In the House, meanwhile, Mr. Boehner said members will debate whether to boost war spending to $96 billion without requiring $20 billion in offsetting savings.

“There is overwhelming support in our conference for providing additional resources to protect our national security,” he said at his weekly press conference. “We have been and will continue to work with all of our members on this issue.”

Congressional budgets are blueprints without the force of law, but they offer a comprehensive outline of each party’s agenda as lawmakers forge actual spending bills.

This year’s process hands the GOP a coveted path to putting an Obamacare repeal bill on Mr. Obama’s desk. But the procedure, known as “reconciliation,” requires both chambers to agree on a compromise budget resolution and then pass laws carrying out the budget’s instructions. Reconciliation is a powerful tool because it avoids a Democratic filibuster — though Mr. Obama would still wield a veto.

Coupled with the budget fight is a battle over updating an unpopular Medicare formula that controls payments to doctors. Lawmakers face an end-of-month deadline to avert a 21 percent cut to doctors’ Medicare payments so that doctors do not flee the program.

Passed as part of a budget deal in 1997, the “sustainable growth rate” was supposed to cap doctors’ payments as a way of limiting the growth of Medicare. But when it began to bite in the early 2000s, Congress balked at the cuts, and has approved repeated “patches” to boost make sure doctors’ full payments continue.
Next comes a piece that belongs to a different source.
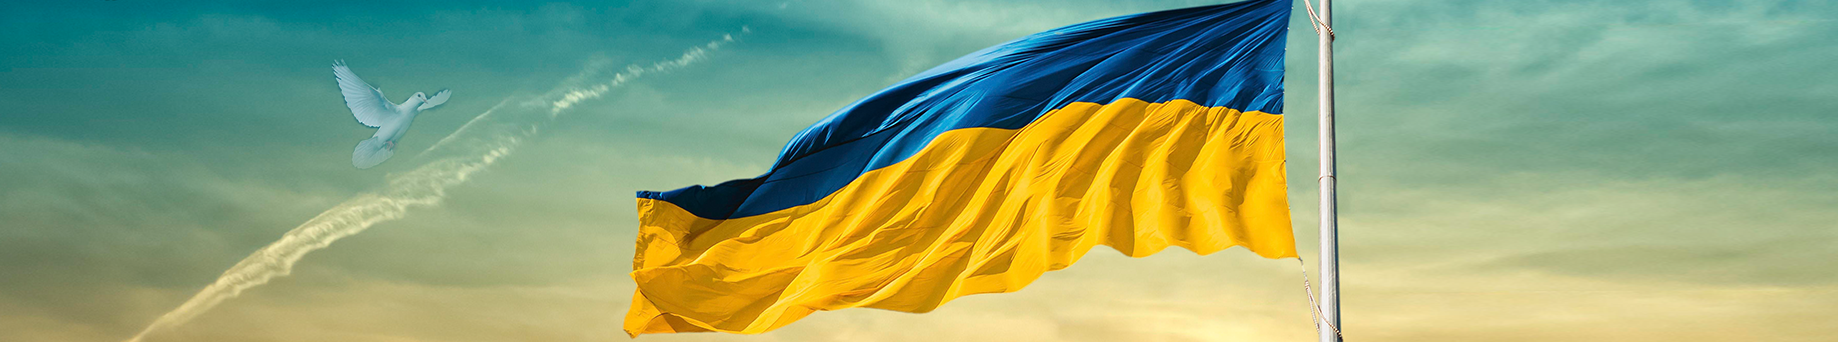 Fahne Ukraine, Himmel mit Taube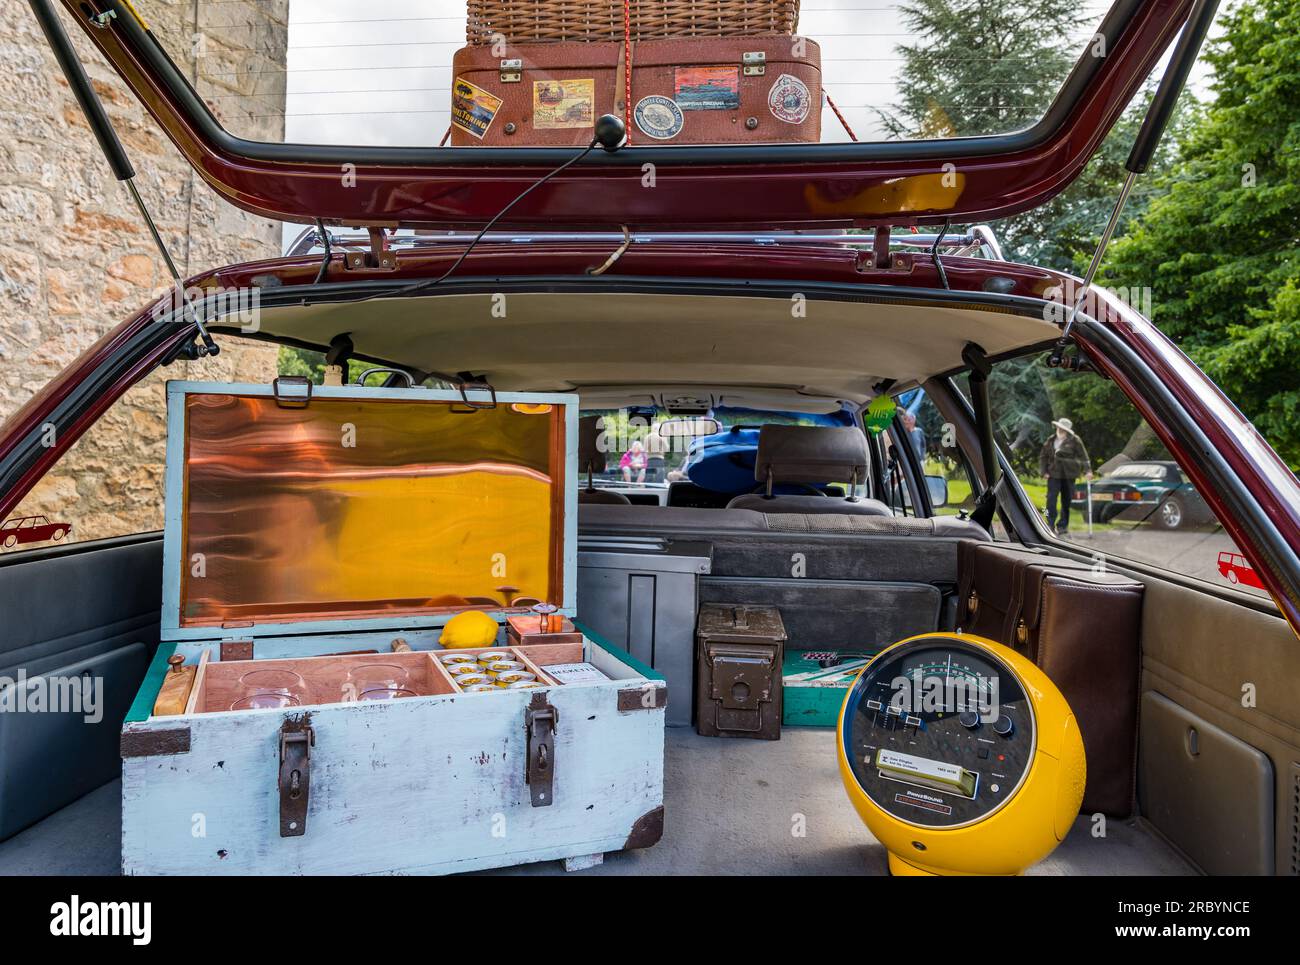 Ford Granada Kofferraum offen mit altmodischem Getränkeschrank und altmodischem Radio, Wheels of Yesteryear, Lennoxlove Estate, East Lothian, Schottland, UK Stockfoto

Most lawmakers would like to do away with the annual problem, but they have been unable to agree on where to find the nearly $200 billion needed over the next decade to cover the costs of a permanent fix.

On Thursday, congressional leaders said they have a framework for a replacement, which would give doctors a 0.5 percent pay raise each year for five years while streaming programs that evaluate their performance.

“I’ve been committed to finding a permanent solution to this problem. It’s a chance to get rid of Washington’s most infamous budget gimmicks,” Mr. Boehner said.

It will not be easy, though, as some conservatives have questioned why Mr. Boehner set out to work with Mrs. Pelosi before his own caucus.

“The door opened, and I decided to walk in it,” the speaker said. “Simple as that.”